## Task description
Working from the start of the listing, please write out exactly the lines through the one that holds "Solitaire Diamond Pendant", both included, and omit all pictures.

## Dataset extract
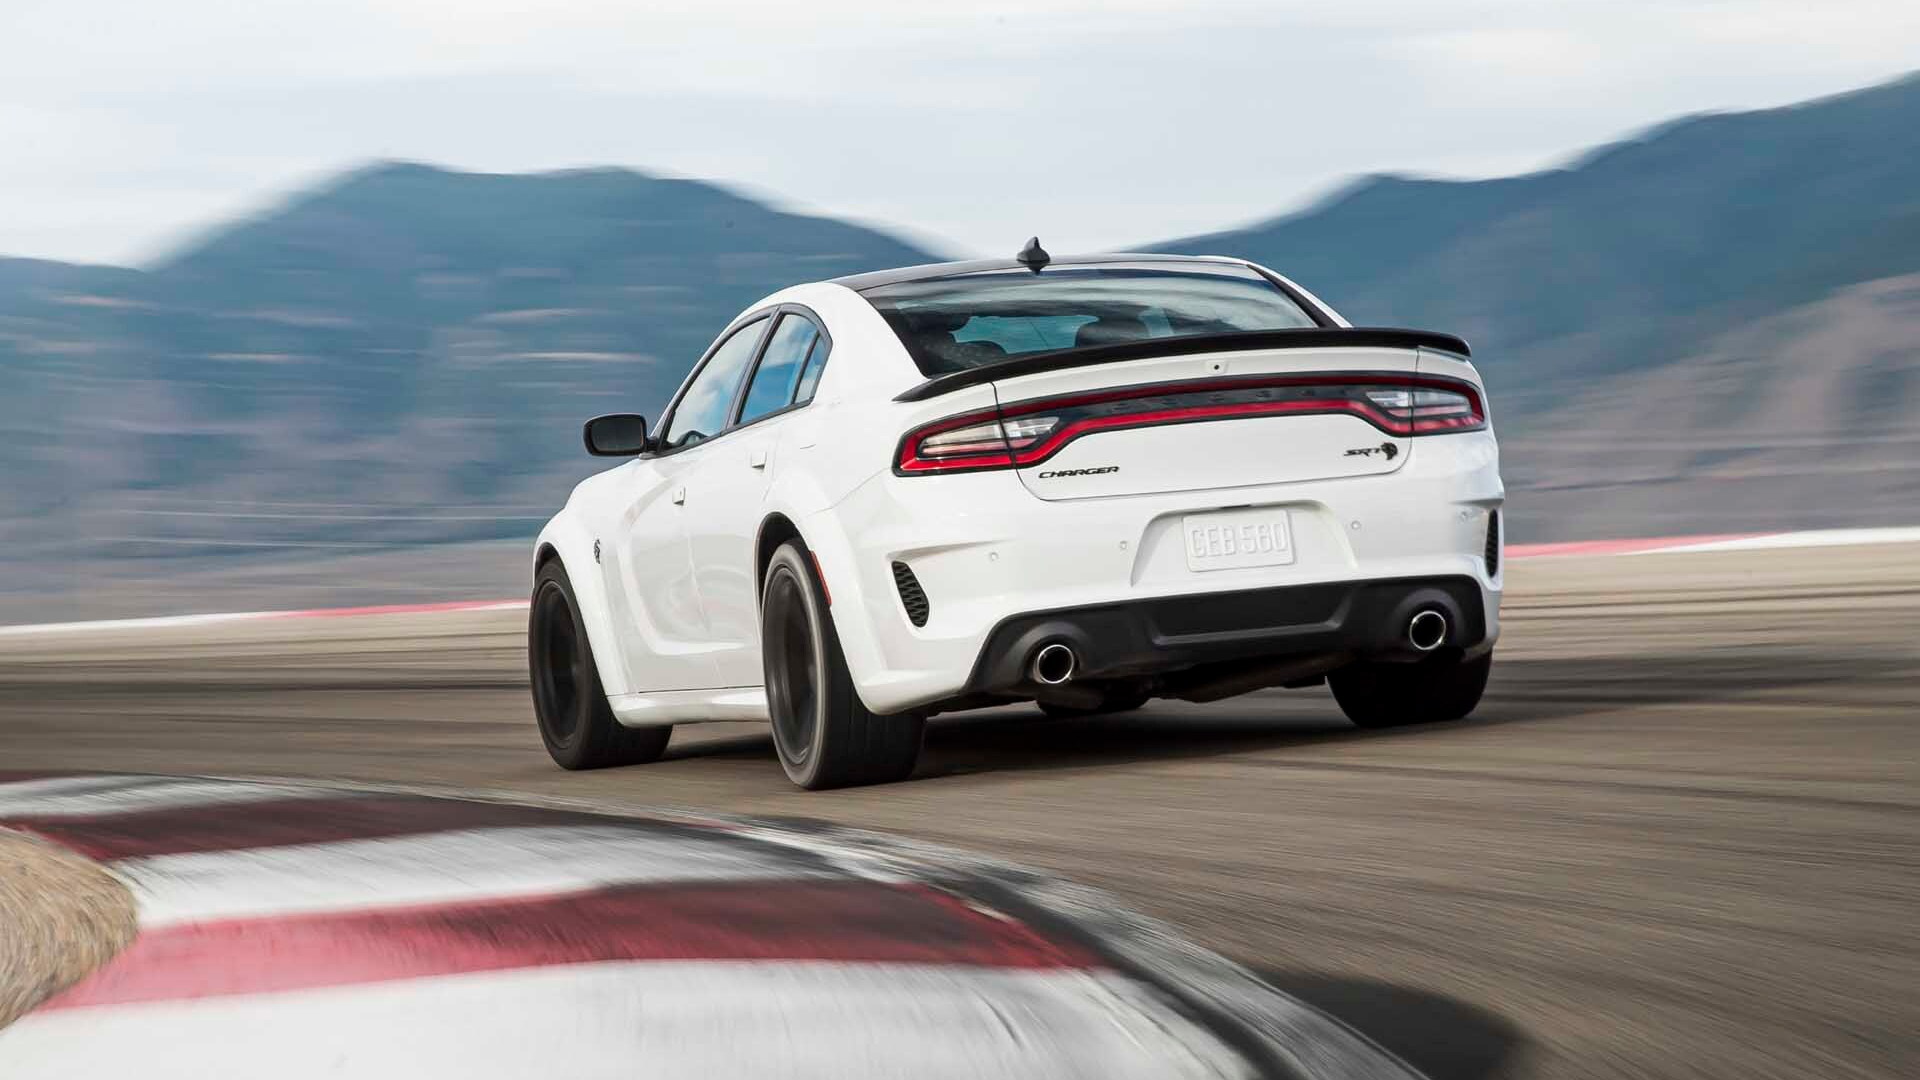 797 Horsepower 2021 Dodge Charger Srt Hellcat Redeye Is Here To Pick Up The Kids
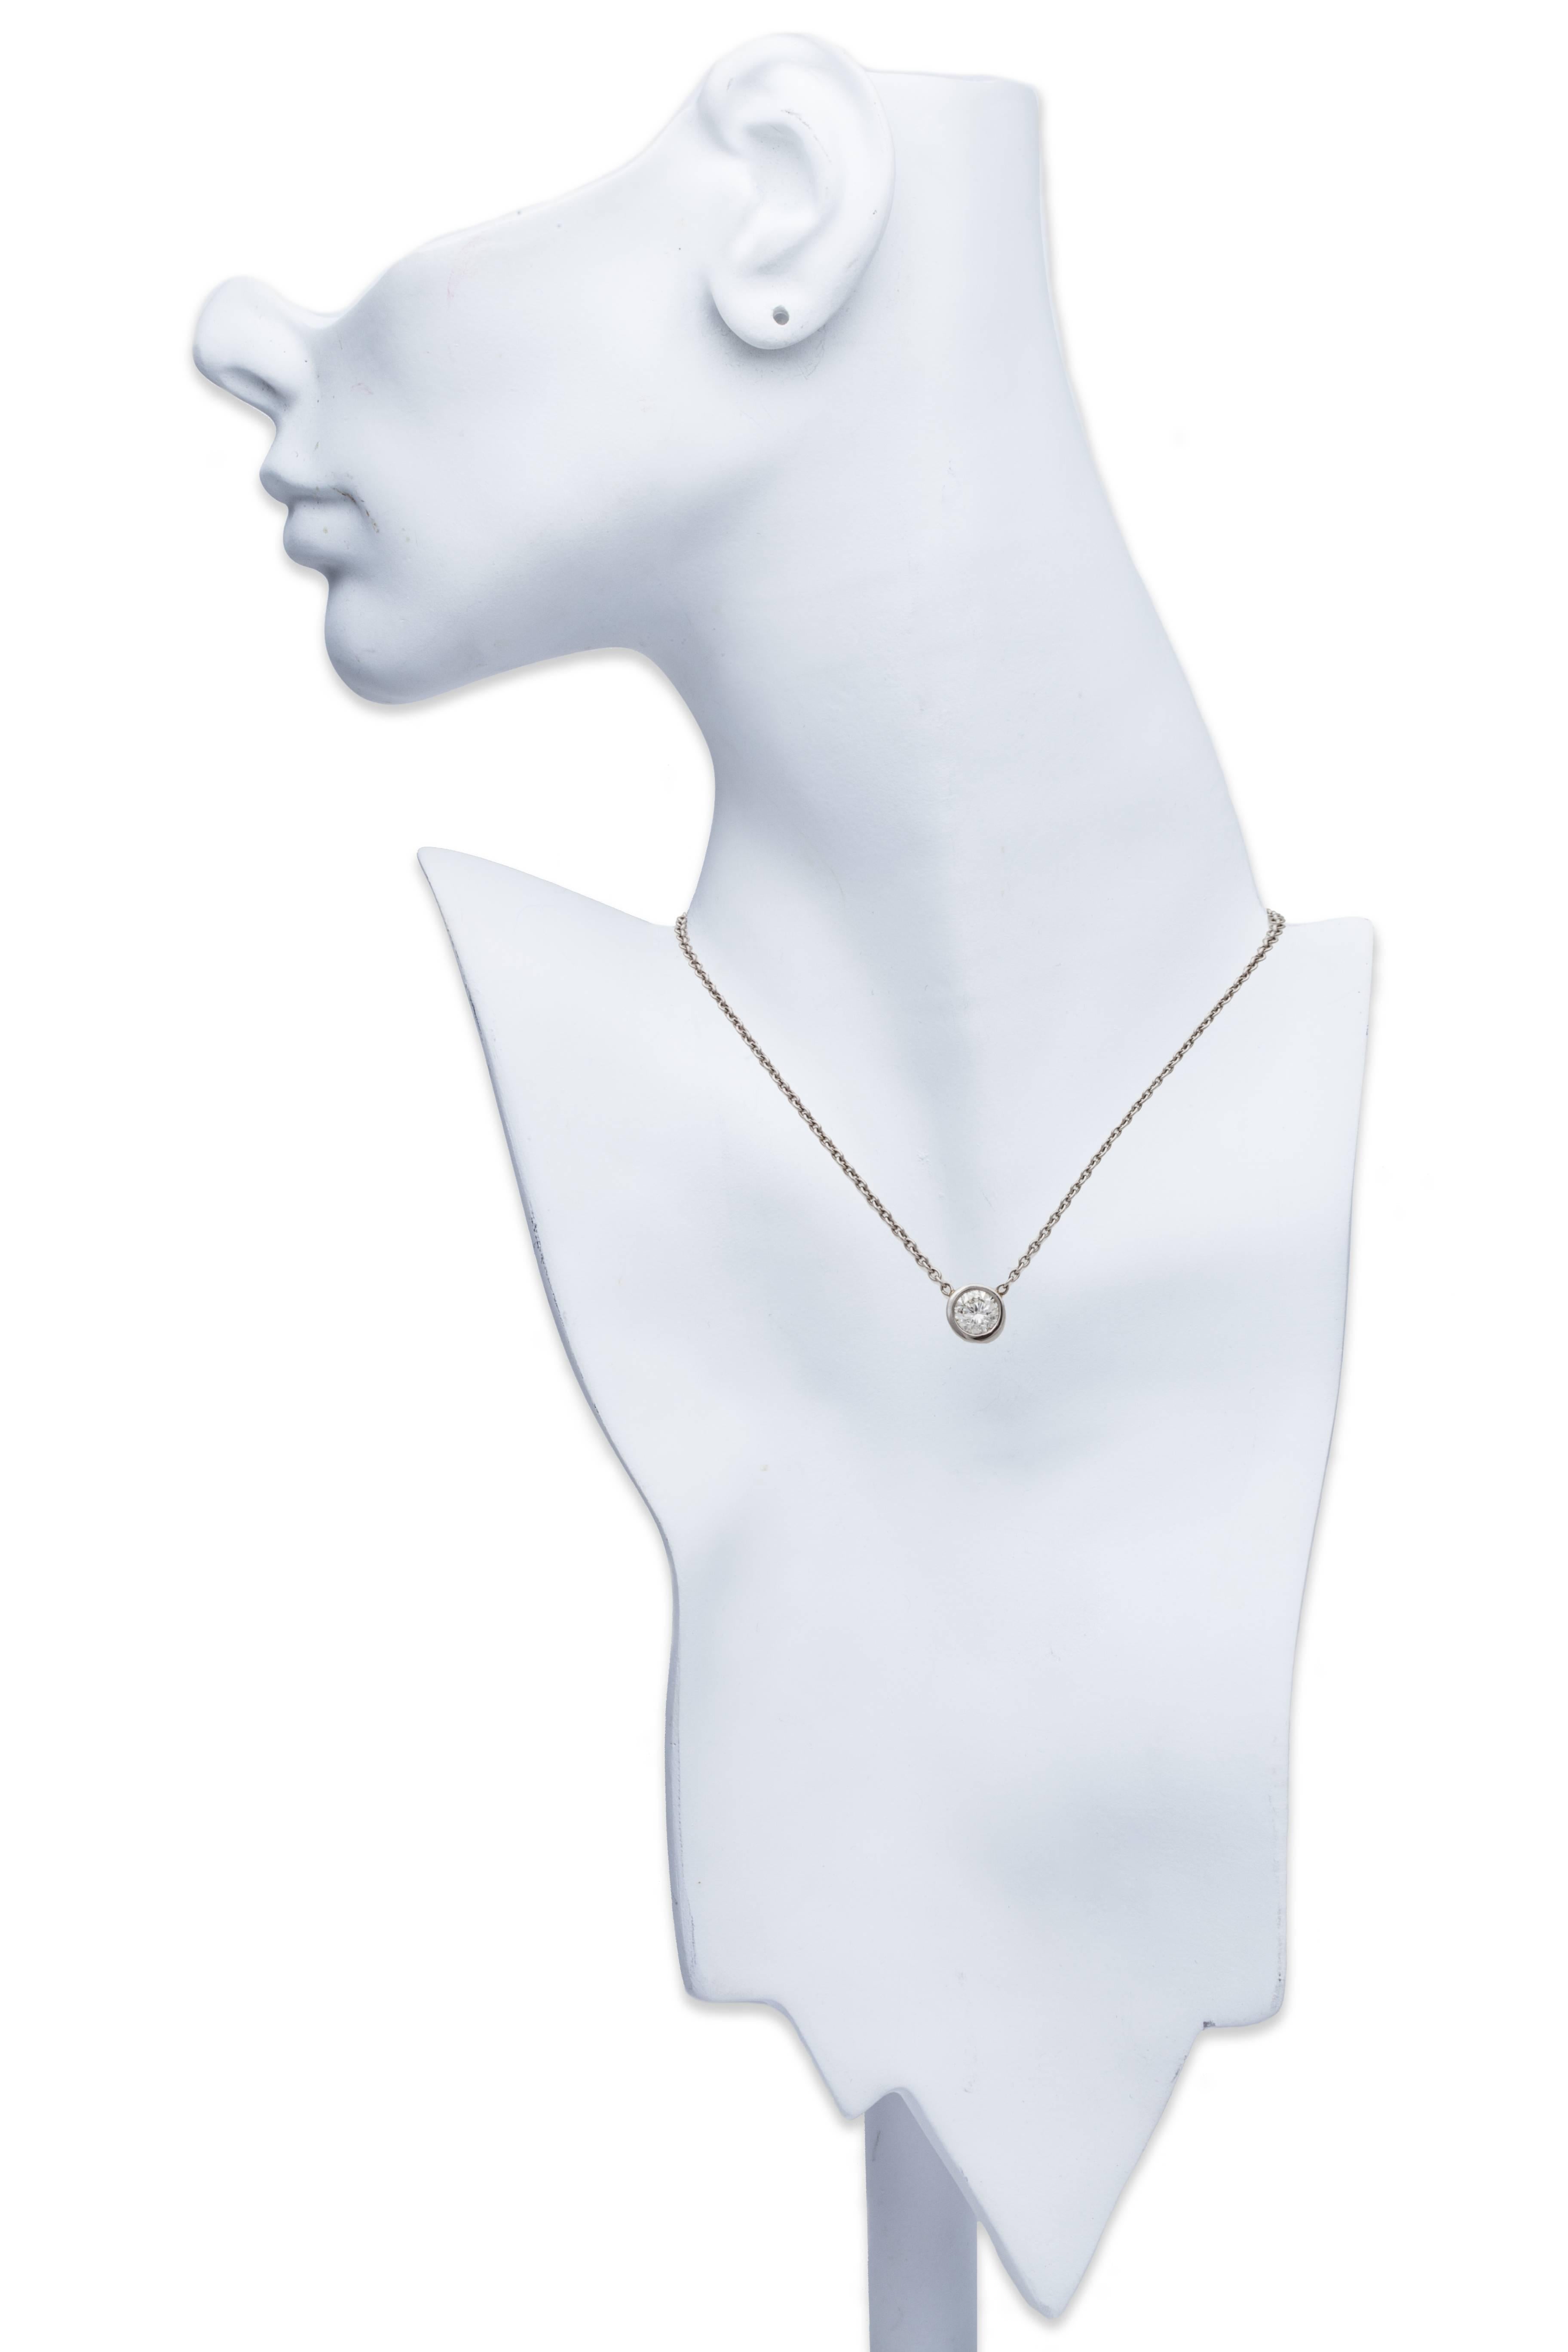 Solitaire Diamond Pendant Necklace in Platinum. Single bezel mounted brilliant cut diamond suspended from a platinum chain. Total Diamond Weight 0.75ct., Chain Length 15
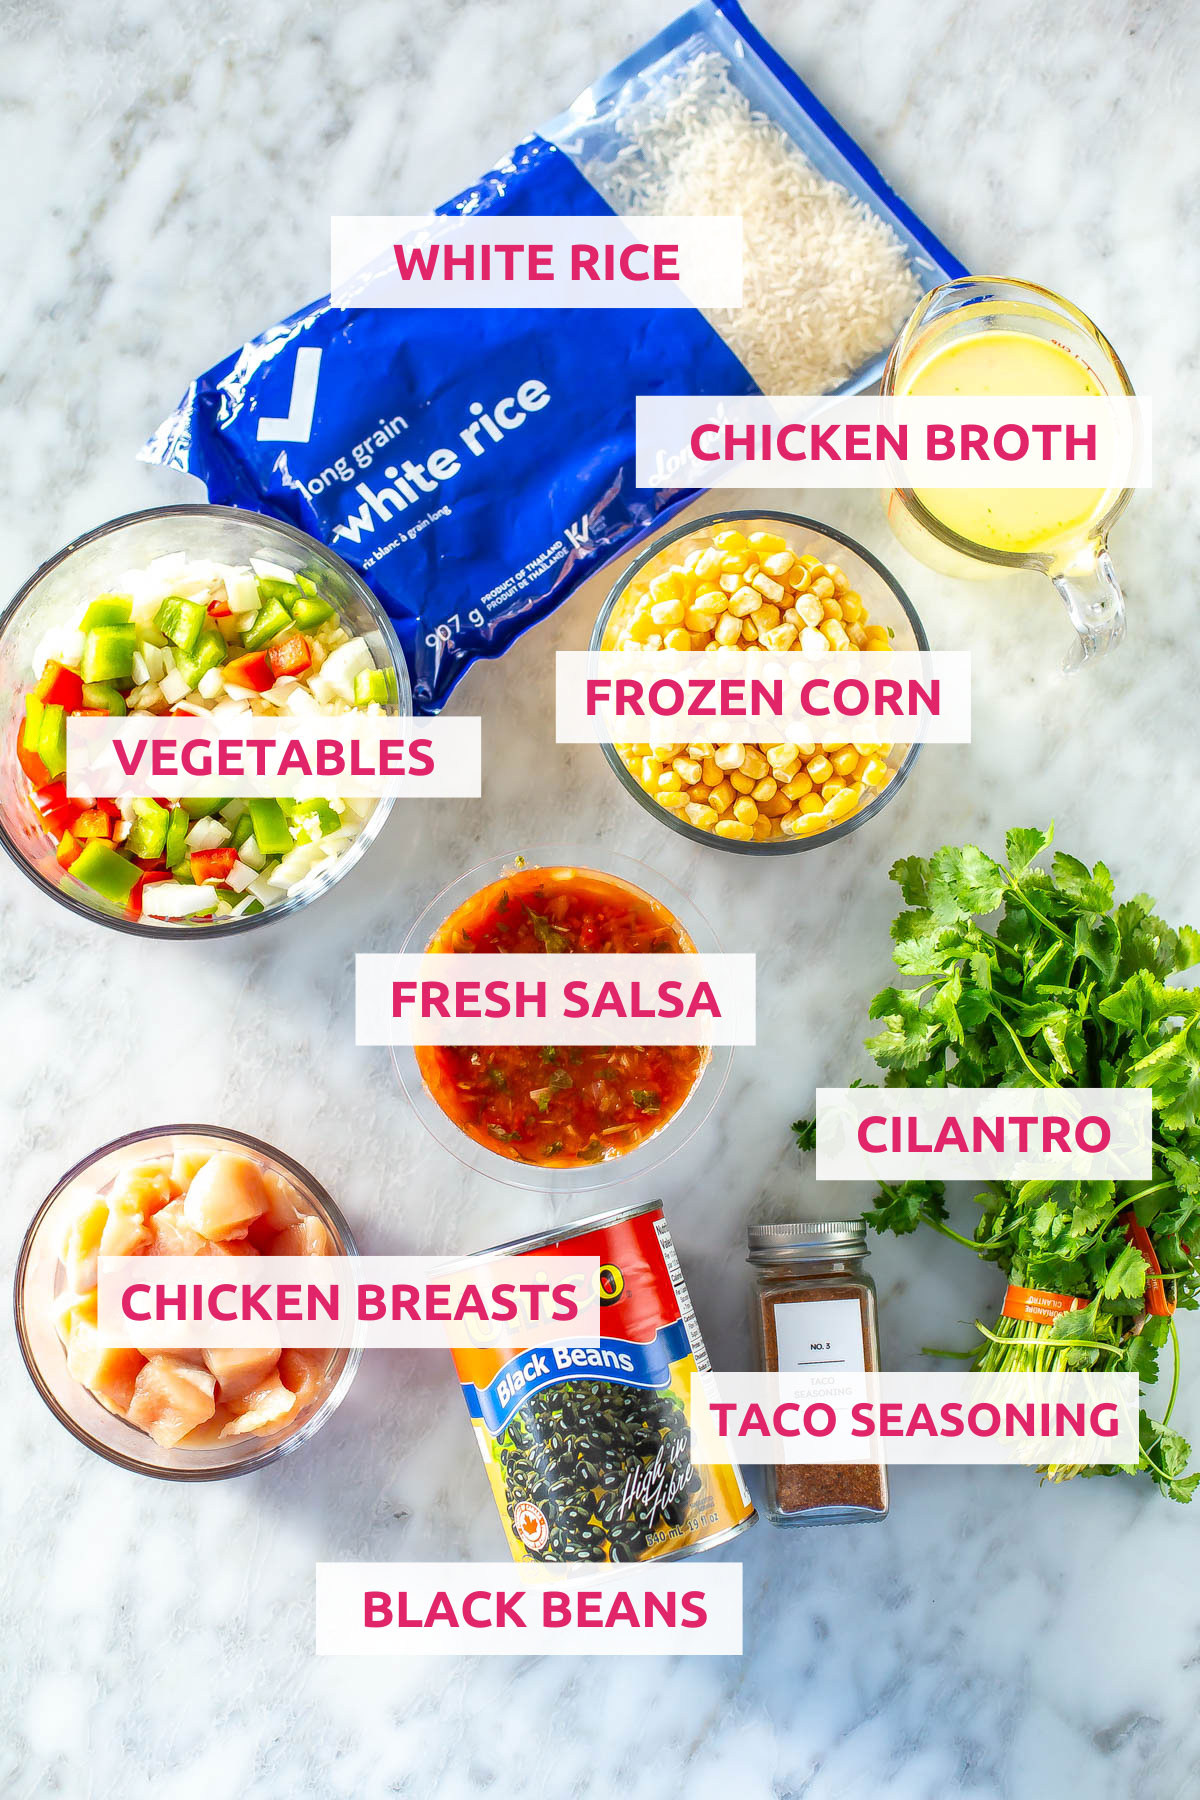 Ingredients for Instant Pot Chicken Burrito Bowls: white rice, vegetables, chicken broth, frozen corn, chicken breasts, salsa, black beans, taco seasoning and cilantro.

## Your response
 797 Horsepower 2021 Dodge Charger Srt Hellcat Redeye Is Here To Pick Up The Kids
 Solitaire Diamond Pendant Necklace in Platinum. Single bezel mounted brilliant cut diamond suspended from a platinum chain. Total Diamond Weight 0.75ct., Chain Length 15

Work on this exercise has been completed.